Clinical Implications and Future Research
Overall, the findings of this pilot study confirm that the mGAGE app may have an important use in future randomized controlled trials and grief interventions. Firstly, it can deliver real time daily data on symptom variability and intensity, which provides researchers with a tool to accurately investigate the heterogeneity in the fluctuations of PGD symptoms over time in future research (Bonanno & Malgaroli, 2020; Sveen et al., 2018). This may also be used to inform clinical assessments and treatment options by providing more depth and richer information than a singular self-report assessment. Secondly, daily monitoring can be used to track the effectiveness of grief interventions. As change in symptom severity may vary and effects may waver, mGAGE could be used as an addition to standard, face-to-face therapy and help to track progress and effectiveness, as suggested by Torous and Roux (2017). It could also be used in conjunction with existing online grief interventions (Wagner et al., 2006). Additionally, mGAGE has the potential to aid clinicians in identifying individuals with PGD. By facilitating early identification of cases and accelerating access to appropriate treatment, it could also prevent hospitalization or relapses (Whelan et al., 2015). Thirdly, the act of self-monitoring may be a useful intervention by increasing emotional self-awareness. Developing insight into the severity and variability of symptoms may be an effective therapeutic tool (Bakker & Rickard, 2018).
Limitations
This study was limited in the following ways. The sample size was small and homogeneous. It was a largely female sample of the same age group and education level. We did not include individuals from a clinical sample. This is the next required step to ensure acceptability for PGD diagnosis. There were also several technical issues with the app (such as server unavailable, only worked with internet connection) that may have prevented optimal data collection.

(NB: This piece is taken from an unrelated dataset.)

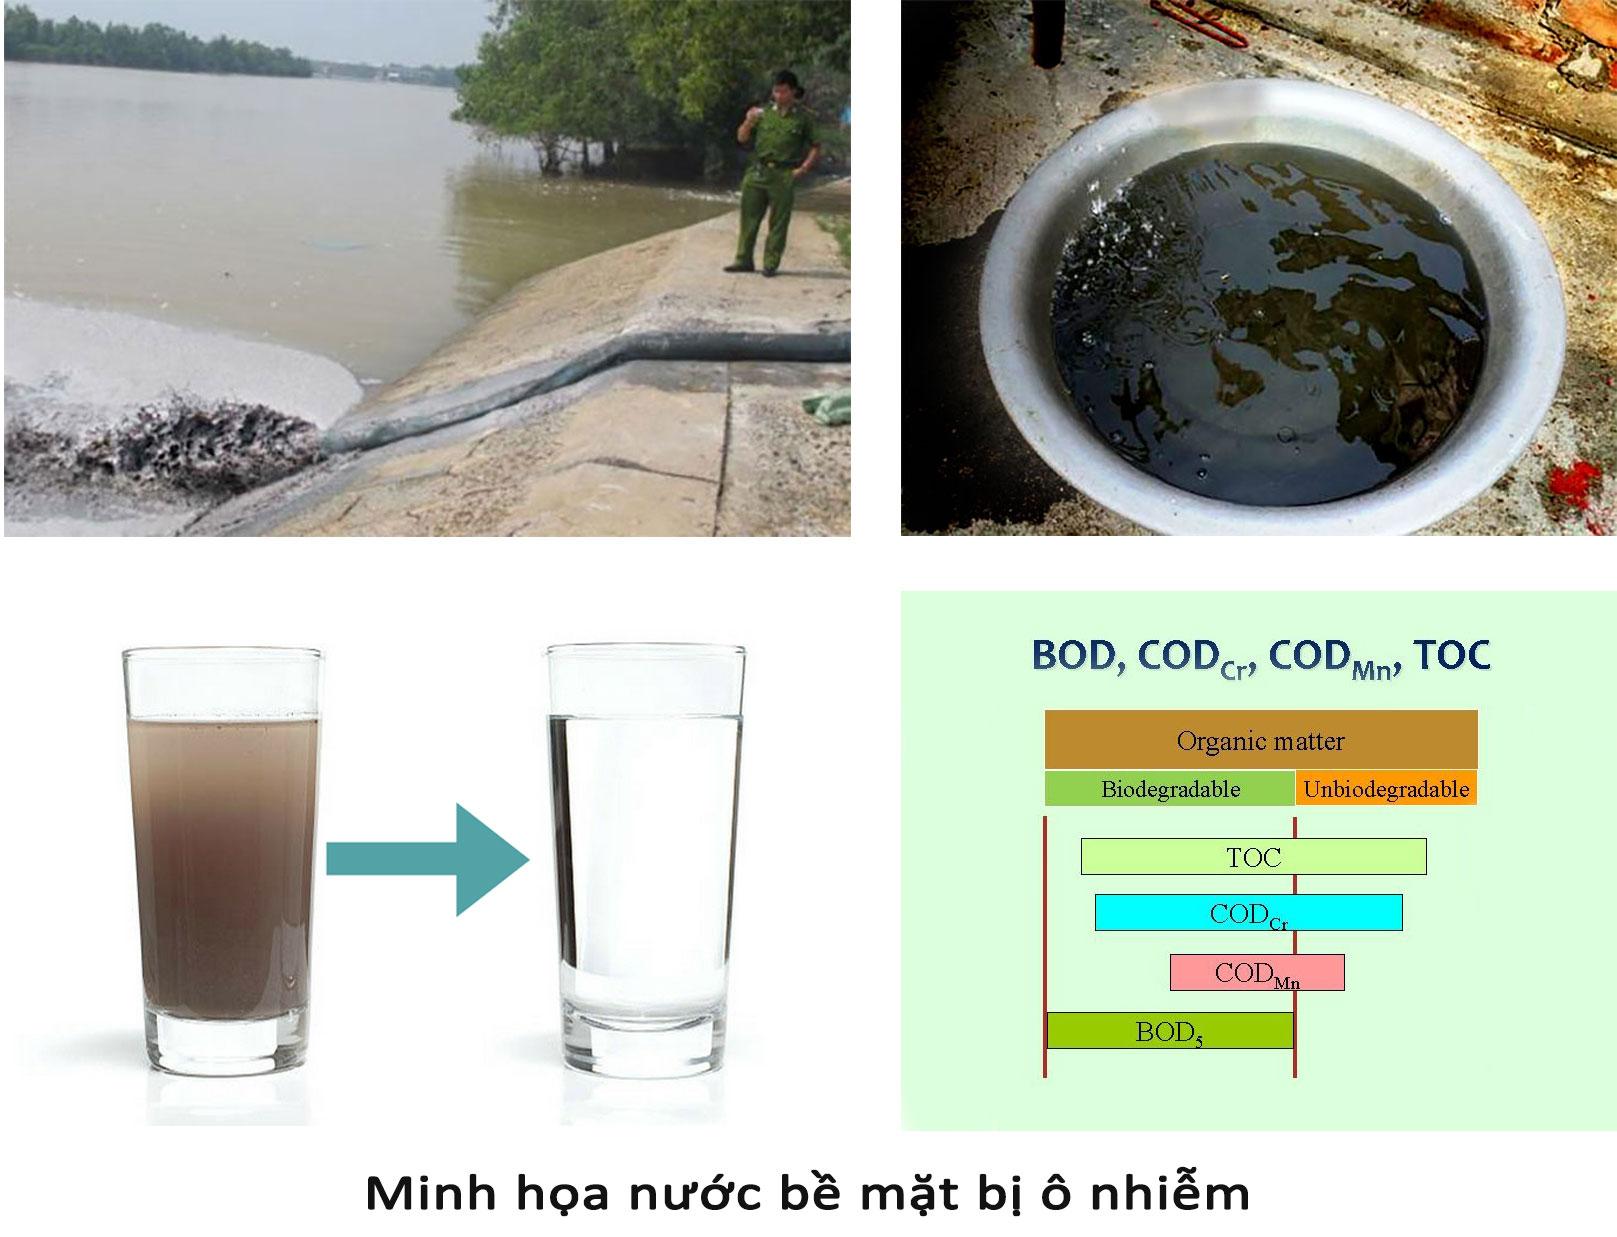 Nước bề mặt bị ô nhiễm

In terms of the qualitative debriefing interviews, there may have been a social desirability effect as the participants were not blinded to the interviewer. The finding that two participants met criteria for PTSD or moderate PGD at T2 needs further investigation. Currently no participants at t1 or t2 met ‘strict’ criteria for PGD is reassuring as our intention was not to investigate a clinical sample in this pilot study. The diagnostic algorithm for PGD is currently under debate with no clear consensus on whether the ‘strict’ ‘moderate’ or another algorithm for ICD-11 PGD may yield the most reliable and valid diagnosis (Boelen & Lenferink, 2020). In the present study if a participant met criteria for moderate PGD, currently this does not necessarily indicate disorder. However, it may mean elevated symptoms. This should be monitored and follow up with a case control analysis or an RCT including a control group. Another significant limitation in the sample that requires follow up is the heterogeneity in the time criteria. Time since death is a significant predictor of grief symptom severity and although all included participants experienced a death more than 6 months ago, there was still large variability in the duration since loss. The impact of time since loss on daily sampling and grief symptom variability should be assessed in future studies.